The can of worms at KPMG will be opened anyway

Some questions are very obvious to be asked, but aren’t asked anyway – like the question why Wouter Bos led the conversations to form a new government in 2012. The former PvdA Minister of Finance became a partner at KPMG after his departure in 2010. It’s a good thing if politicians quickly get a new job after their political career, but I thought this position was remarkable. With this transfer, a lot of sensitive information from the Ministry of Finance came into the hands of this international accountancy firm, which advises companies on how to bend the financial rules.

- By Ronald van Raak

This kind of information from a former minister is only valuable for a short amount of time because the rules are soon outdated, but in 2012 the KPMG consultant got another opportunity to take a look behind the scenes of the government when he led the formation of the Rutte-Asscher government.
Many (former) politicians have worked at KPMG, including Jeanine Hennis-Plasschaert (VVD), Eddy van Hijum (CDA) and Rita Verdonk (TON). KPMG also likes to employ former politicians such as former MPs Laetitia Griffith (VVD) and Jolande Sap (GroenLinks), who should supervise the auditor as a supervisory director.
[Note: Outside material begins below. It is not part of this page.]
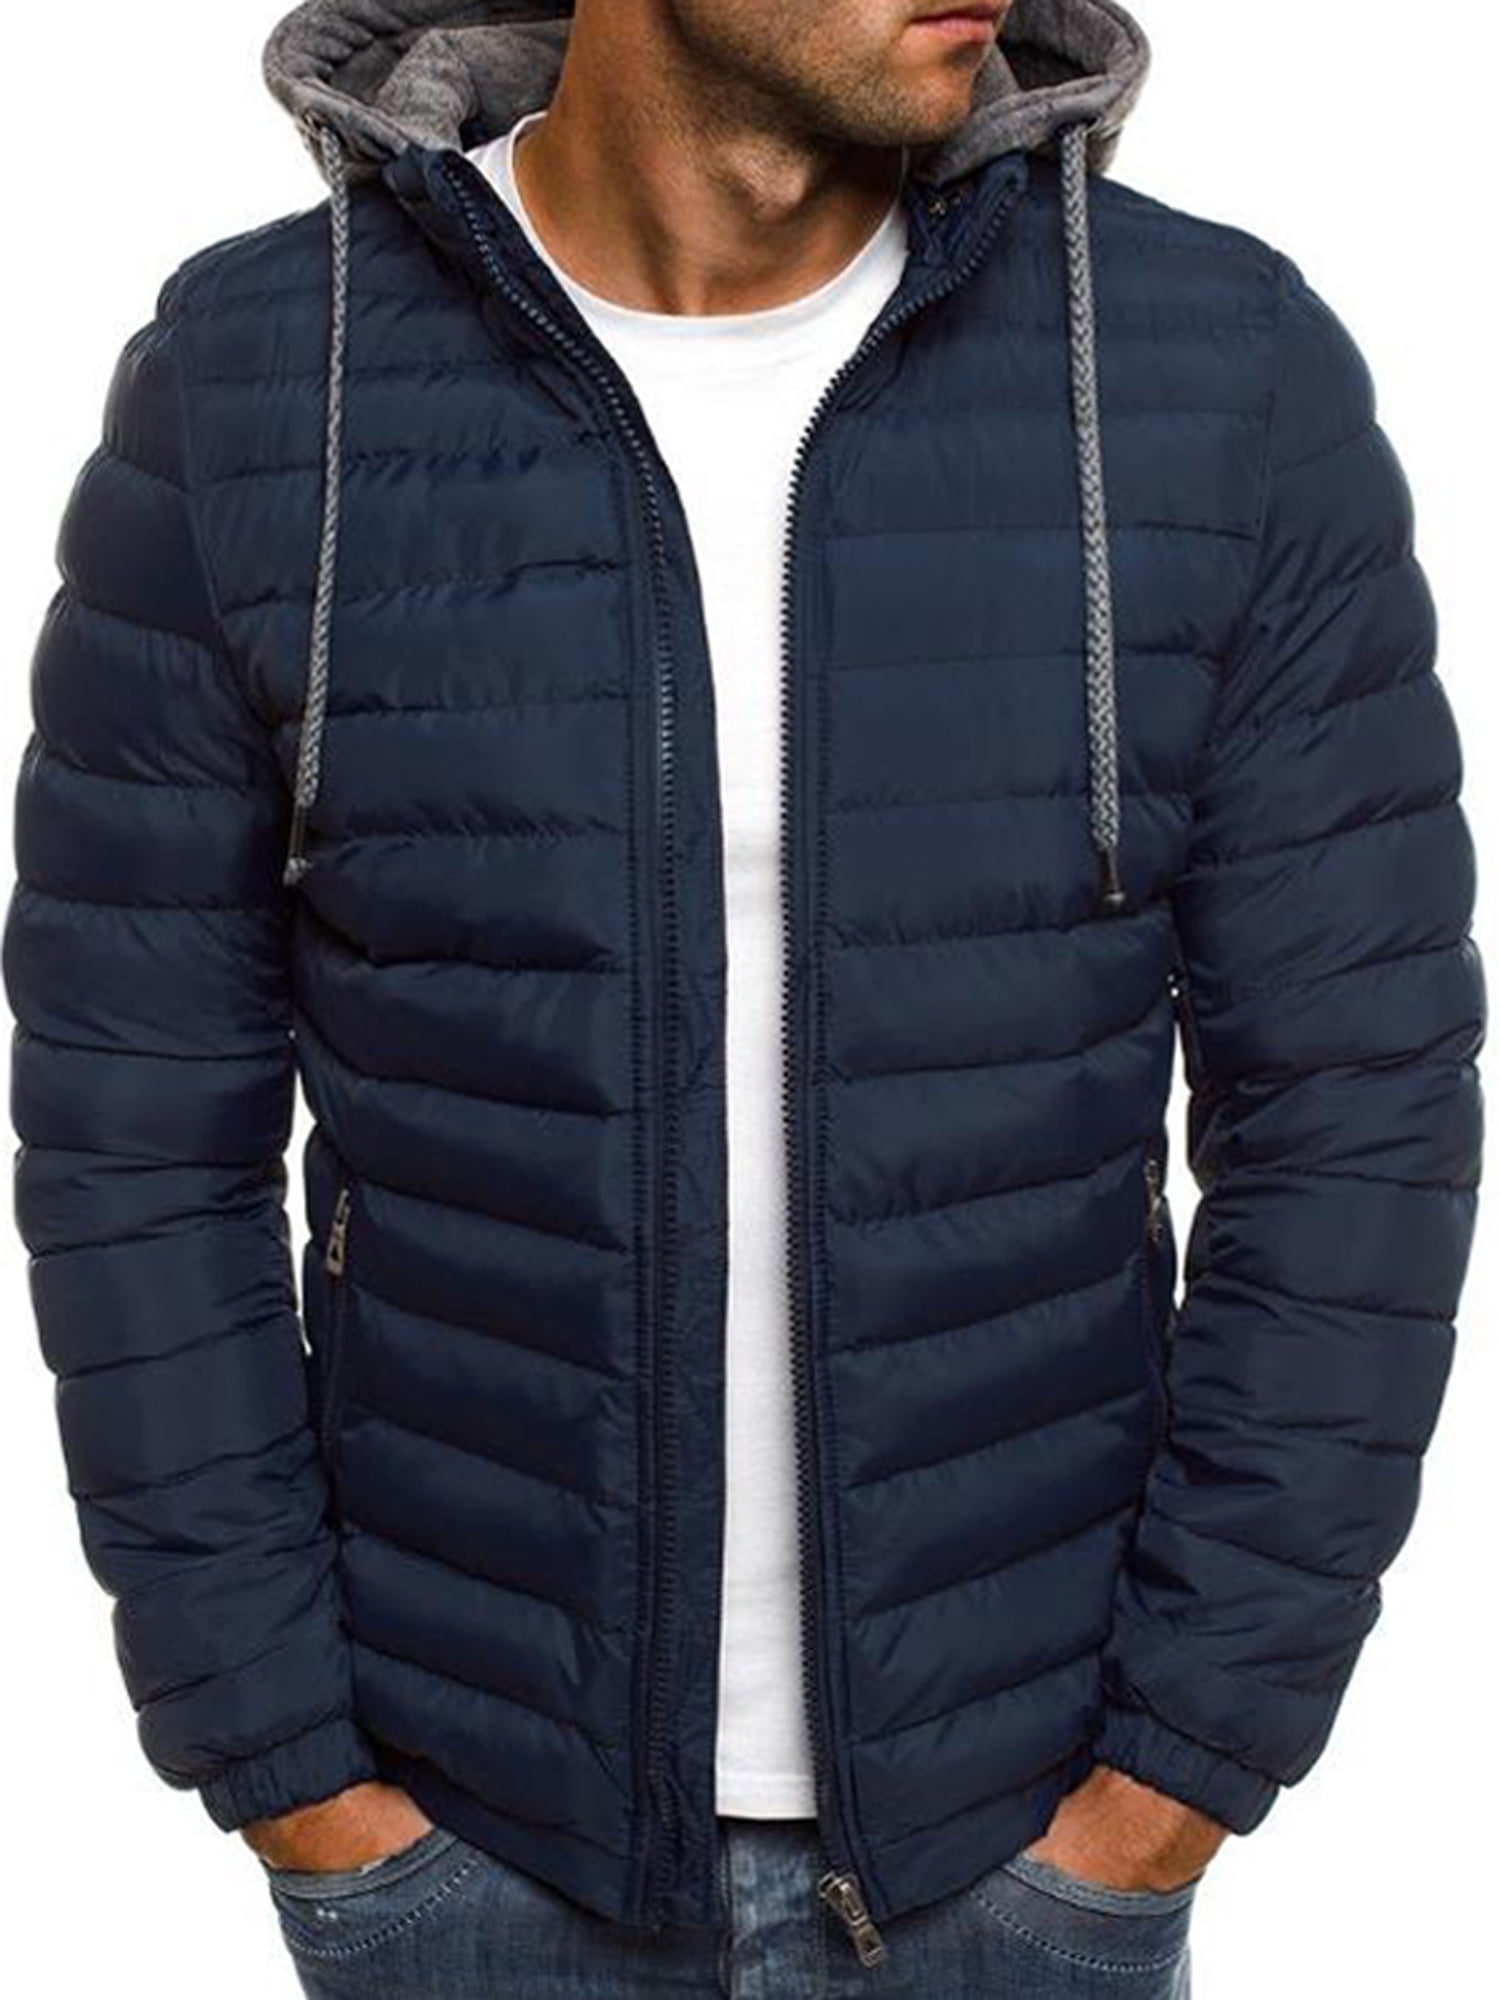 Men's Hooded Puffer Jackets Coats Winter Warm Zipper Casual Padded Outerwear
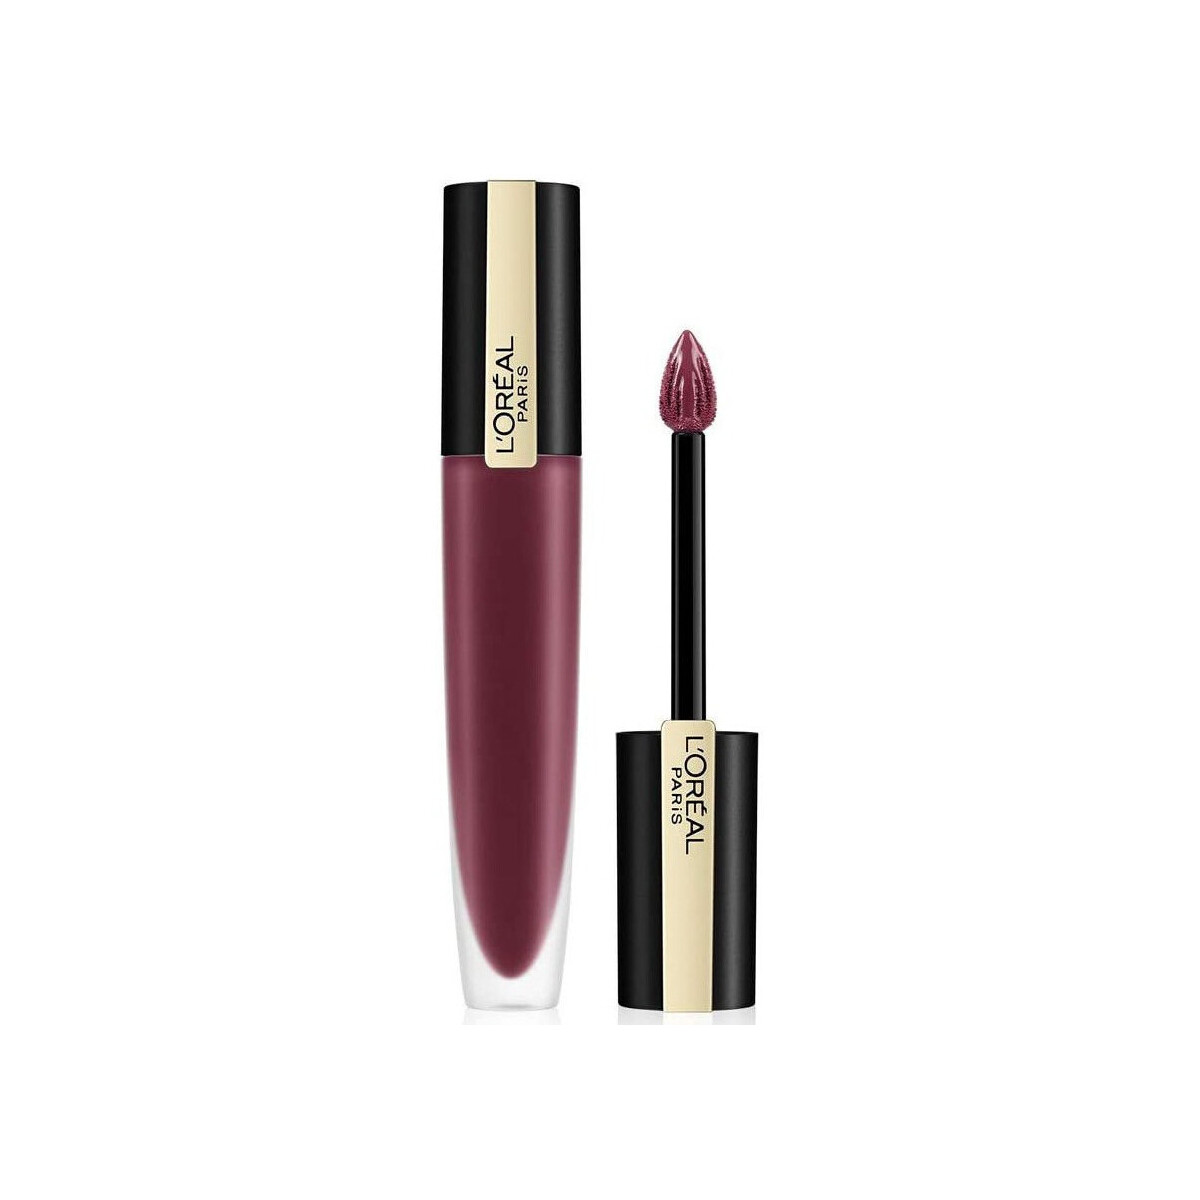 Beauty Damen Lippenstift L'oréal Signature Matte Liquid Lipstick Violett

In the other countries of the Kingdom, in Aruba, Curaçao and St. Maarten, the connection with politics is even closer. KPMG not only checks the books of the government, but also advises them and is closely involved in public businesses. In Curaçao KPMG engages with almost all government companies, such as the port, oil, healthcare, energy, pensions and telecom. Especially the latter sector is interesting, because telecom company UTS makes illegal gambling possible worldwide – a criminal sector in which billions are laundered, probably also with money from international drug trafficking.
Two years ago I asked extensive questions about the relationship between the accountant KPMG, Curaçao politics and the international gambling mafia, but those parliamentary questions are still not answered, despite my perseverance with the various governments of Curaçao. The publicity that my questions generated at the time did lead to the announcement by telecom company UTS that it would stop facilitating illegal gambling sites – if that actually happened, I do not know. I do know that local media are pressured by KPMG if they dare to report negatively about the company.
The head office of KPMG is located in Amstelveen, where they keep a close eye on the activities in the other countries of the Kingdom. I have asked KPMG in the past for clarification, in particular Commissioners Laetitia Griffith and Jolande Sap, who, as former MPs, should know that my job is to ask questions like this. From the head office, however, there was a deafening silence, except for the denial that KMPG Netherlands would have anything to do with KPMG on Curaçao – a strange point of view, because it’s all KPMG.
Last week the Public Prosecution raided KPMG in Amstelveen, at the same time as a raid at KPMG in Curaçao, because of a case where hundreds of millions of dollars would have been laundered, again in the gambling industry. The invasion was done by a special team that investigates the connection between the gambling mafia and politics on the island. We will have to see what all this will bring. But a multinational who likes to surround himself with former politicians will also have to answer the questions of politicians.
Staying silent about the criminal activities in the Caribbean will not help, the can of worms at KPMG will open anyway.